Are there any church calendars that include Advent as Christmas, or is Christmas always supposed to follow December 25th?

The Day

From the Catholic Church, Christmas Day ("The Solemnity of the Nativity of the Lord") starts on Christmas Eve, December 24th as sundown.

The Season

According to the Catholic Encyclopedia:

In different Churches, the Christmas Season might end on Jan. 6 (the traditional date of the Feast of the Epiphany), or might last until the Feast of the Baptism of the Lord (usually the Sunday after Epiphany), or might even last all the way to Feb. 2 (the Feast of the Presentation of the Lord, 40 days after Dec. 25).

I think it it interesting that the song, "Twelve Days of Christmas" is referring to the twelve days from Christmas to Epiphany.

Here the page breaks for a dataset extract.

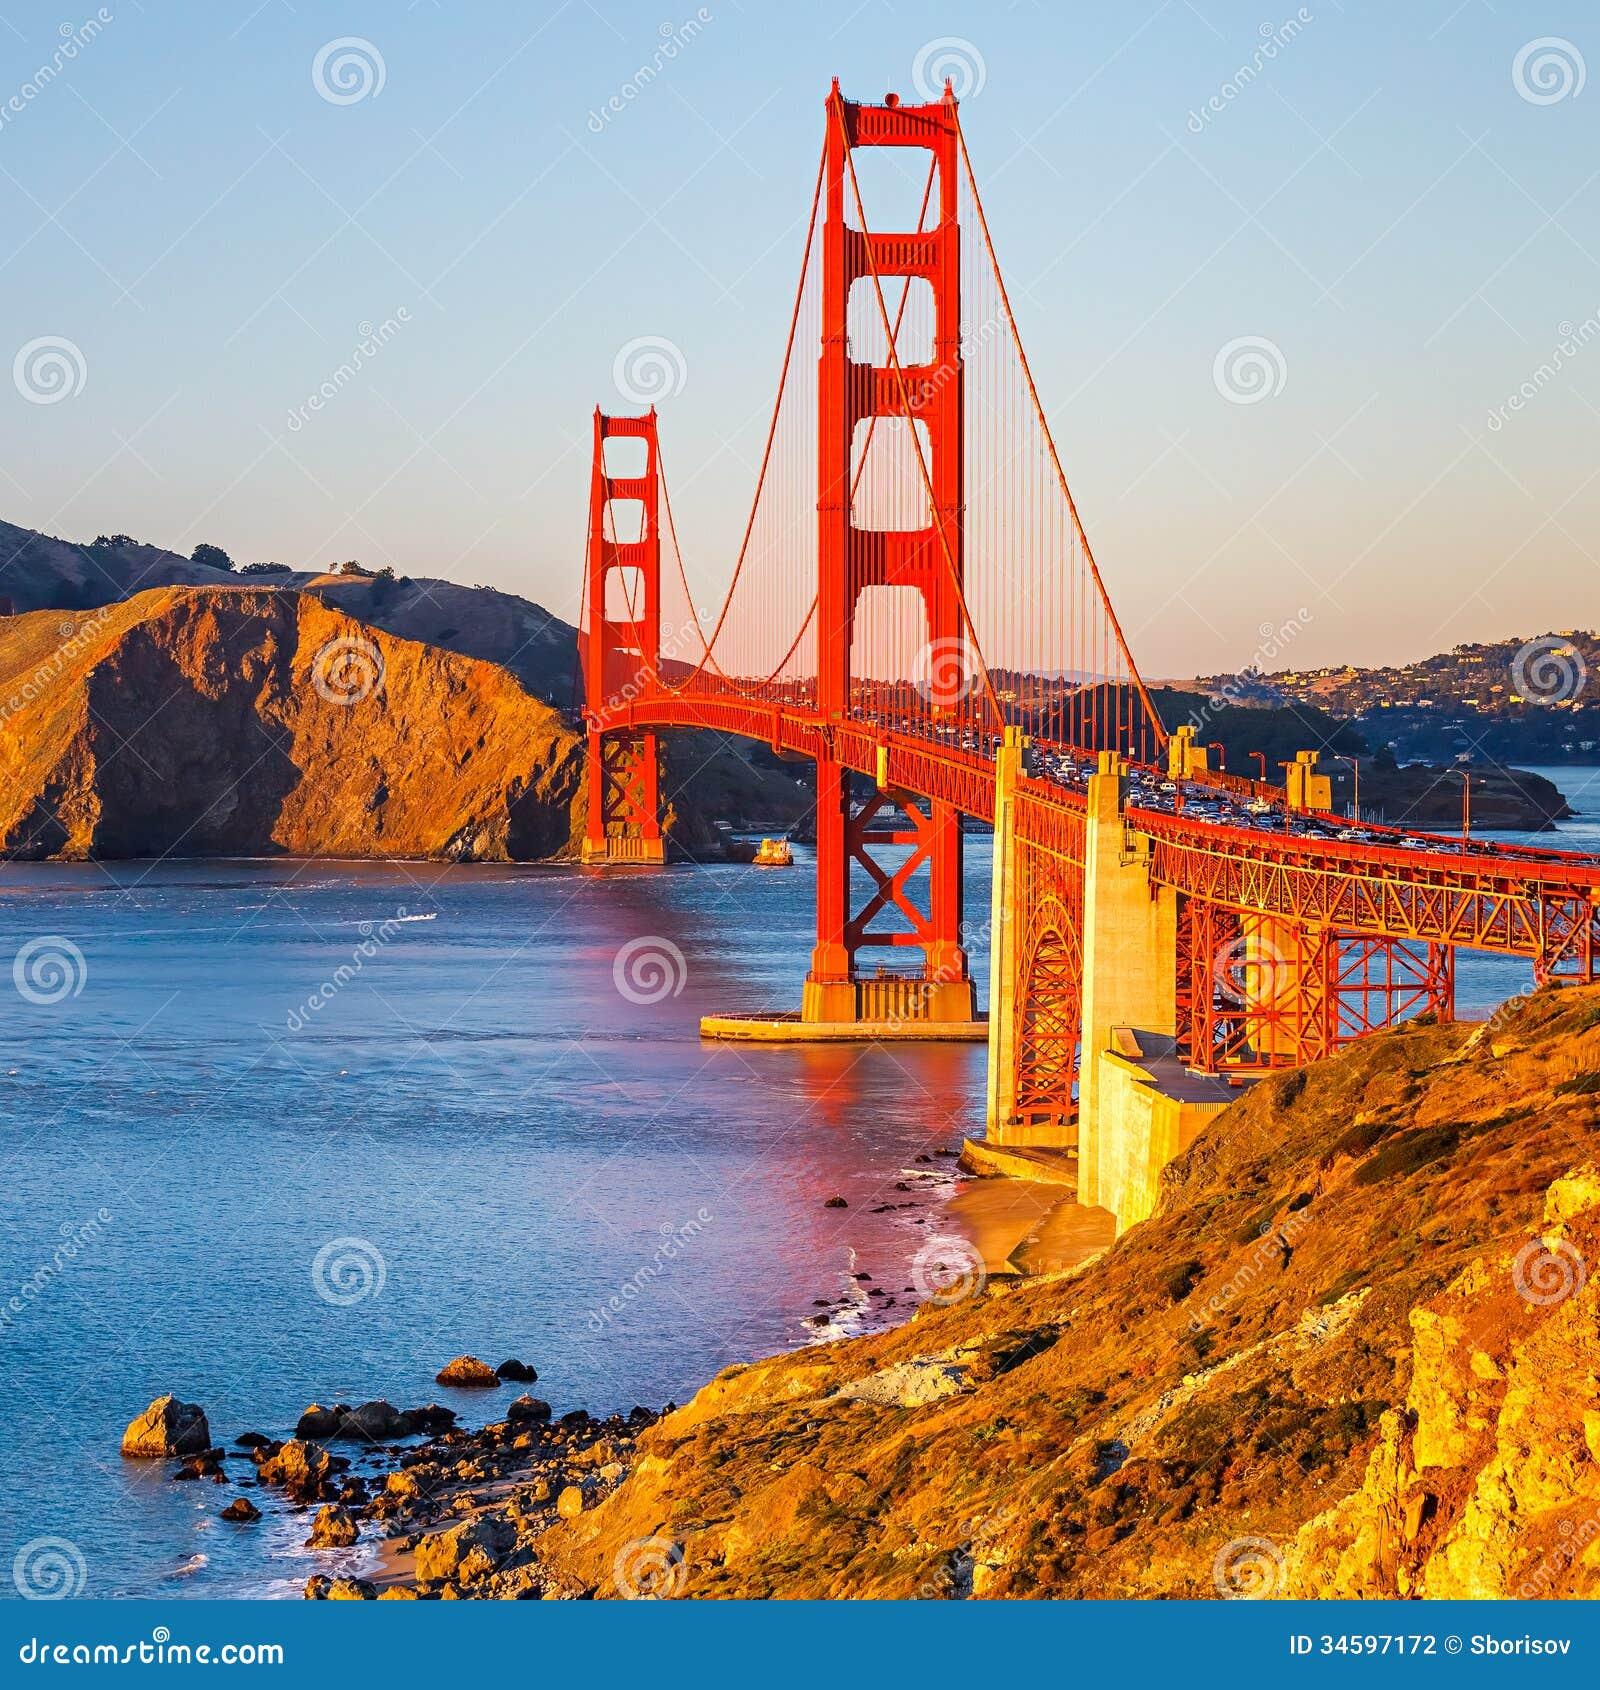 Golden Gate Bridge San Francisco California Sunset Picture: Golden Gate Bridge Stock Photo. Image Of Scene, Evening

Historically, did the church celebrate Christmas before or after December 25th?

The Day

From the Catholic Encyclopedia (section titled "Early Celebration"):

The first evidence of the feast is from Egypt. About A.D. 200, Clement of Alexandria (Stromata I.21) says that certain Egyptian theologians "over curiously" assign, not the year alone, but the day of Christ's birth, placing it on 25 Pachon (20 May) in the twenty-eighth year of Augustus. It goes on from there to list many different dates that Christmas (the day as the Birth of Christ) was celebrated on.

The Season

Codex Theod., II, 8, 27 (cf. XV, 5,5) forbids, in 425, circus games on 25 December; though not till Codex Just., III, 12, 6 (529) is cessation of work imposed. The Second Council of Tours (can. xi, xvii) proclaims, in 566 or 567, the sanctity of the "twelve days" from Christmas to Epiphany, and the duty of Advent fast; that of Agde (506), in canons 63-64, orders a universal communion, and that of Braga (563) forbids fasting on Christmas Day. Popular merry-making, however, so increased that the "Laws of King Cnut", fabricated c. 1110, order a fast from Christmas to Epiphany.

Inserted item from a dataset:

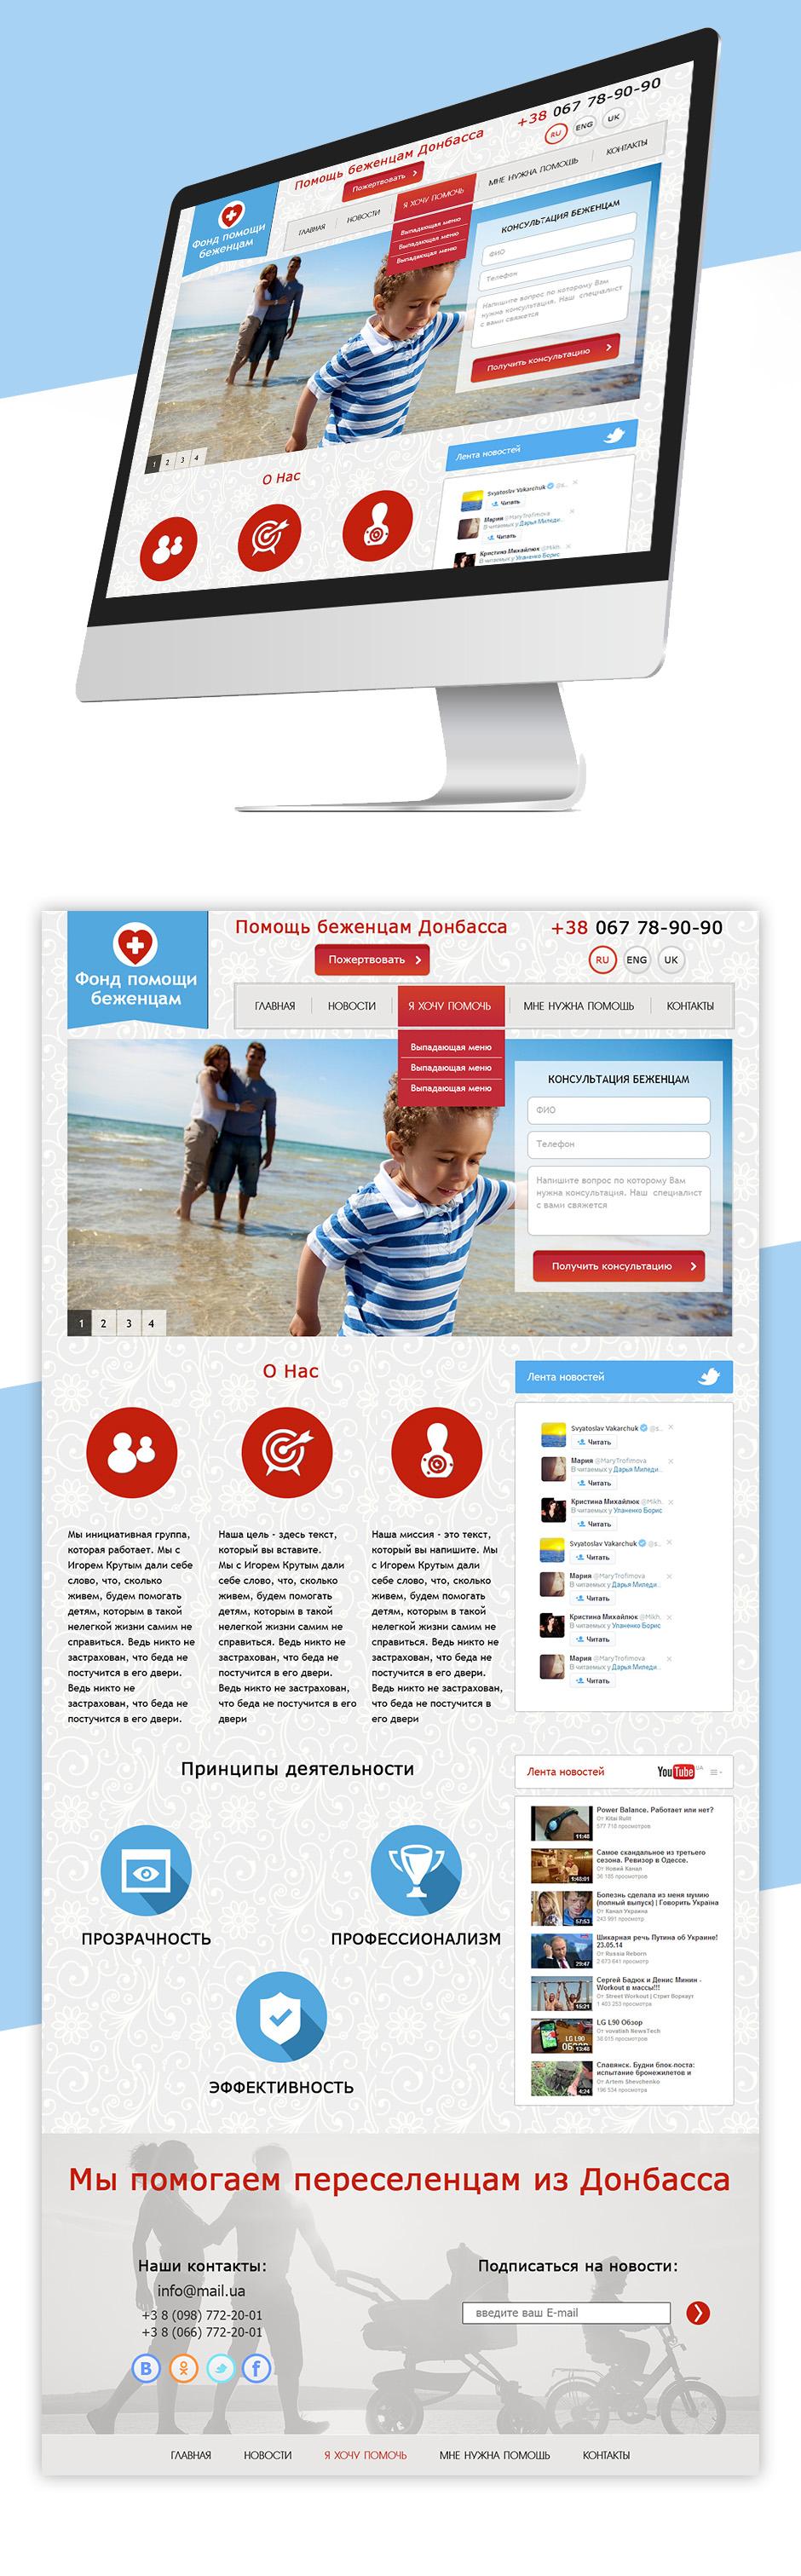 Сайт помощи беженцам Донбасса.

Why has the emphasis on Christmas switched to Advent (the time of preparation)?

I think it is important to note that Advent is not just the time of preparation for Christmas but for the second coming. According to the USCCB:

Beginning the Church's liturgical year, Advent (from, "ad-venire" in Latin or "to come to") is the season encompassing the four Sundays (and weekdays) leading up to the celebration of Christmas.

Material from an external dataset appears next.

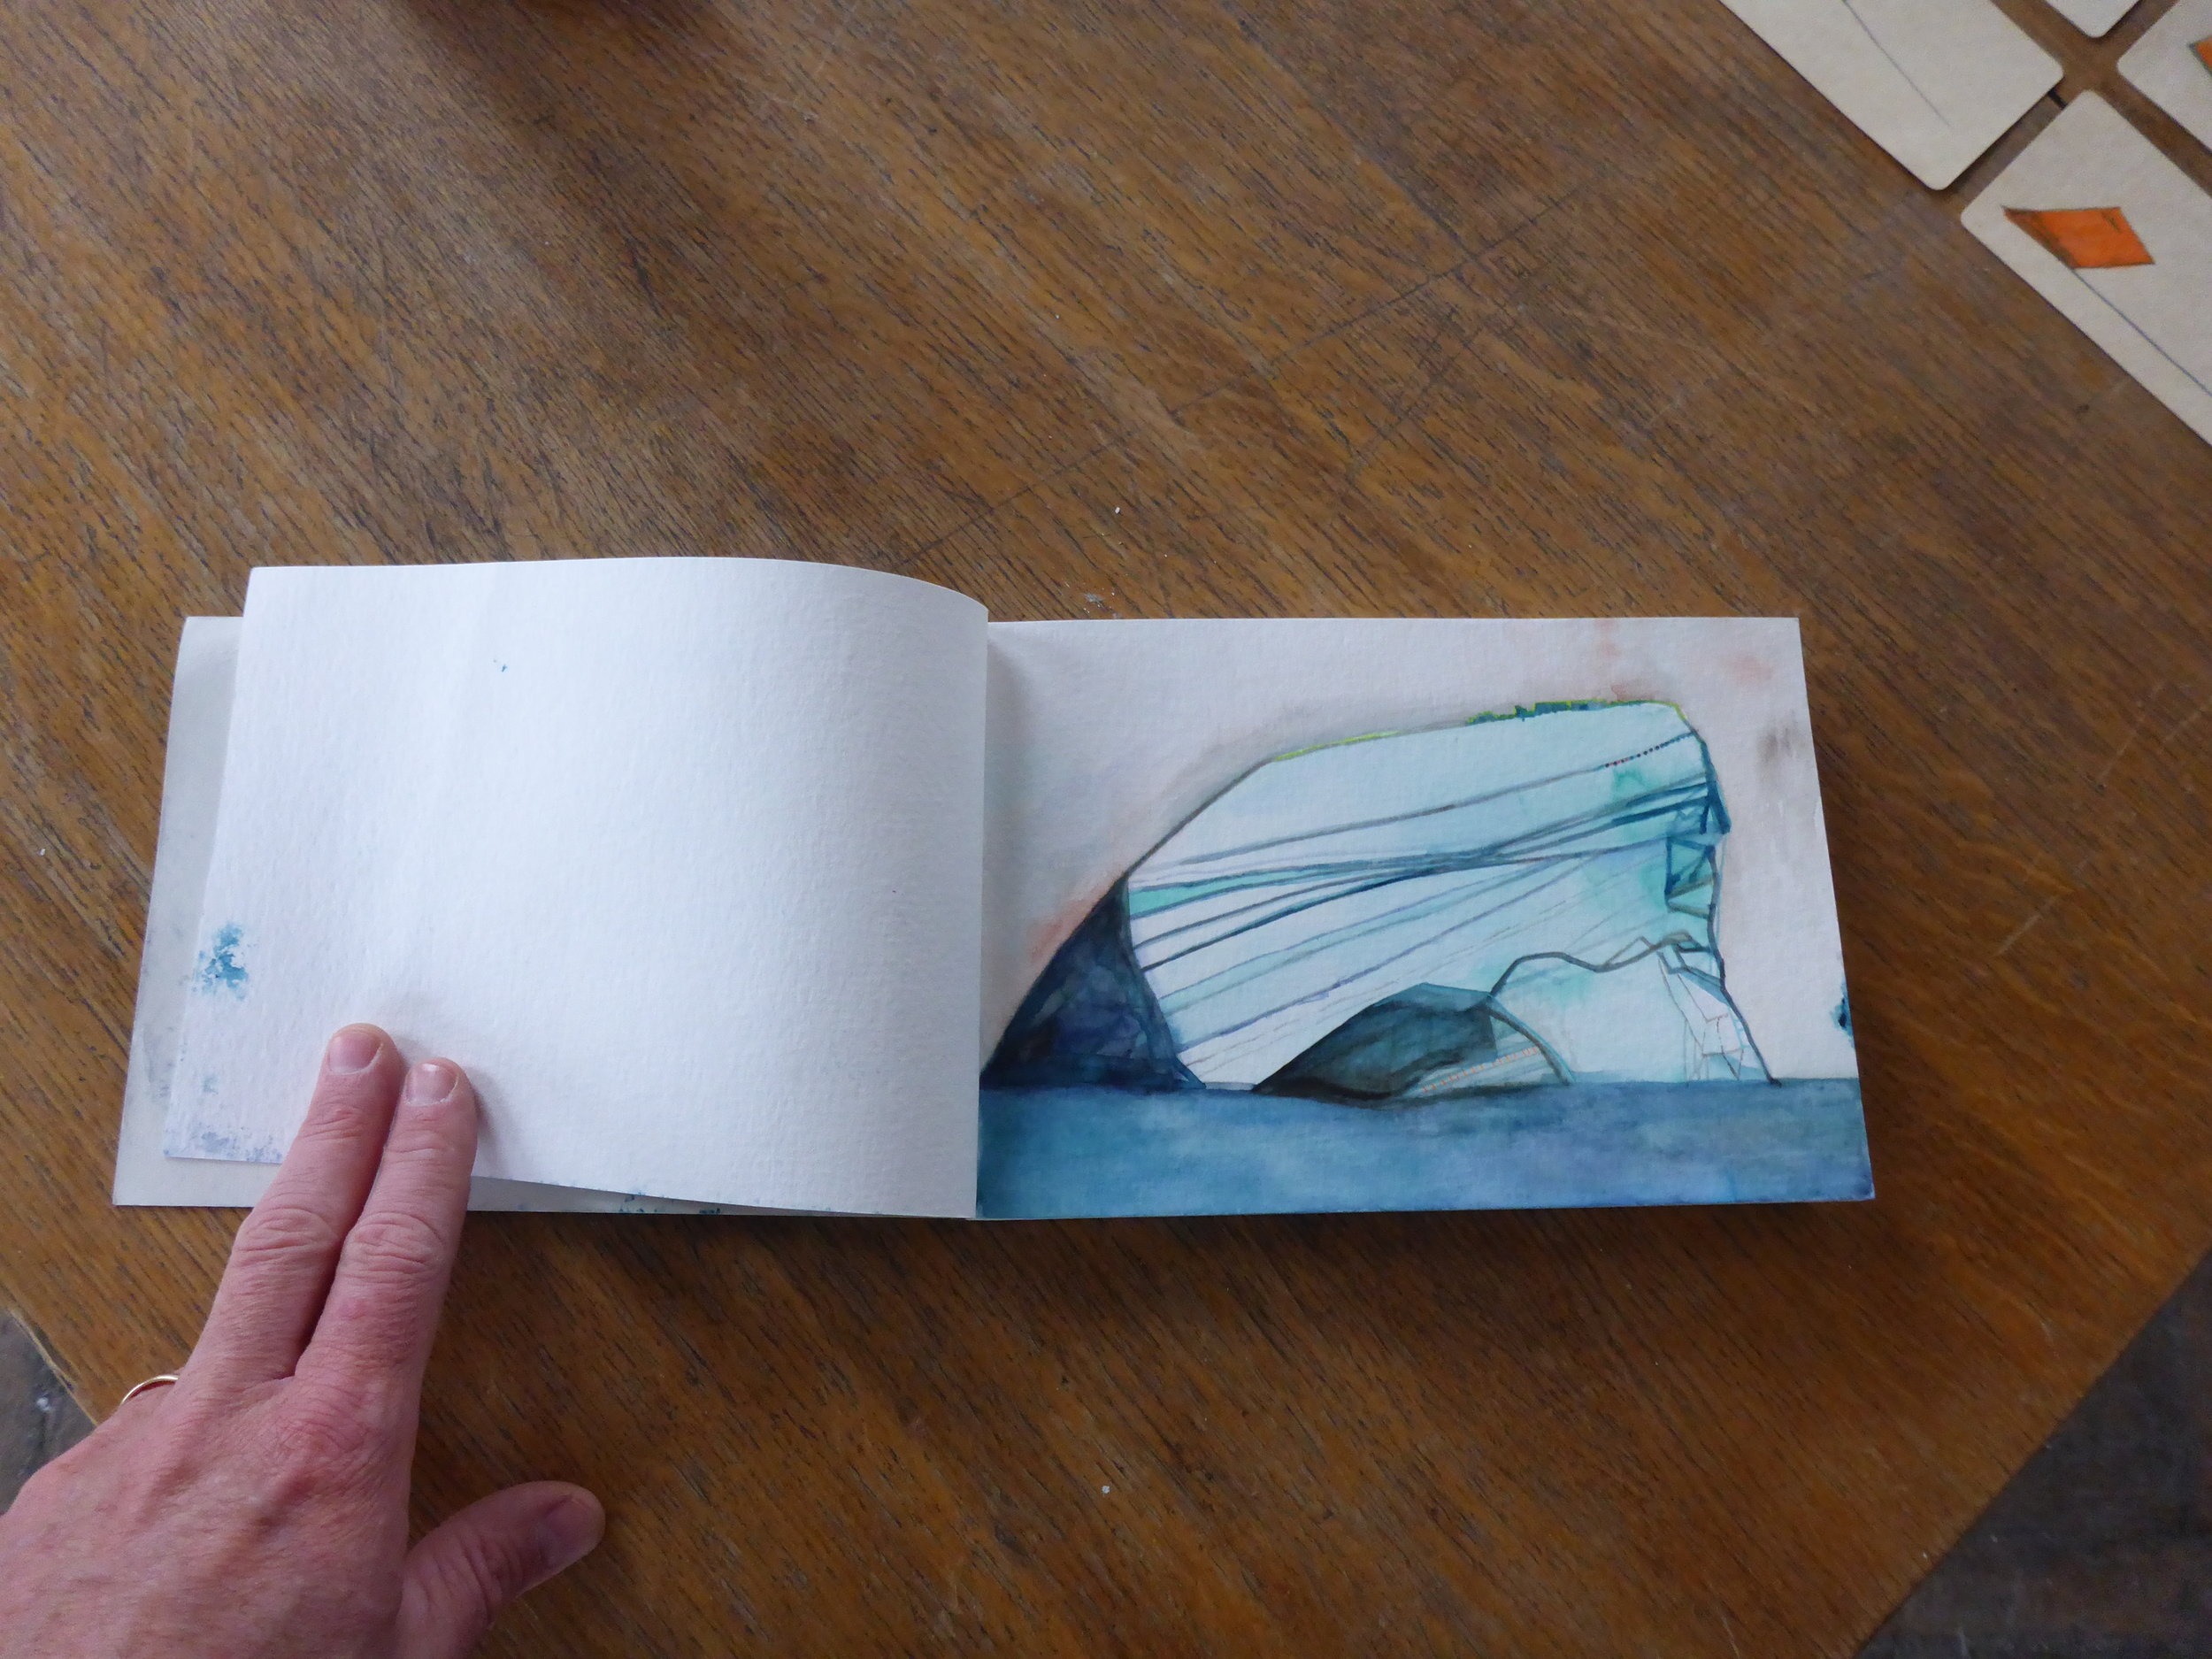 Annie Ewaskio Watercolor on paper,Pyramiden Canteen, Svalbard, Norway, July 2016

The Advent season is a time of preparation that directs our hearts and minds to Christ’s second coming at the end of time and also to the anniversary of the Lord’s birth on Christmas. The final days of Advent, from December 17 to December 24, focus particularly on our preparation for the celebrations of the Nativity of our Lord (Christmas).

[emphasis added]

"Advent, this powerful liturgical season that we are beginning, invites us to pause in silence to understand a presence. It is an invitation to understand that the individual events of the day are hints that God is giving us, signs of the attention he has for each one of us." ---Pope Benedict VXI, Homily at First Vespers of Advent, November 28, 2009

In the weeks before or during the Christmas season, many people set up a "manger scene" which has its origins from the nativity scene erected by St. Francis of Assisi. This could be taken as either a celebration of Christmas or an Advent celebration (many people will put the figures in the manger only at the appropriate times -Jesus on the 25th of Dec, the magi on Jan 6/7th).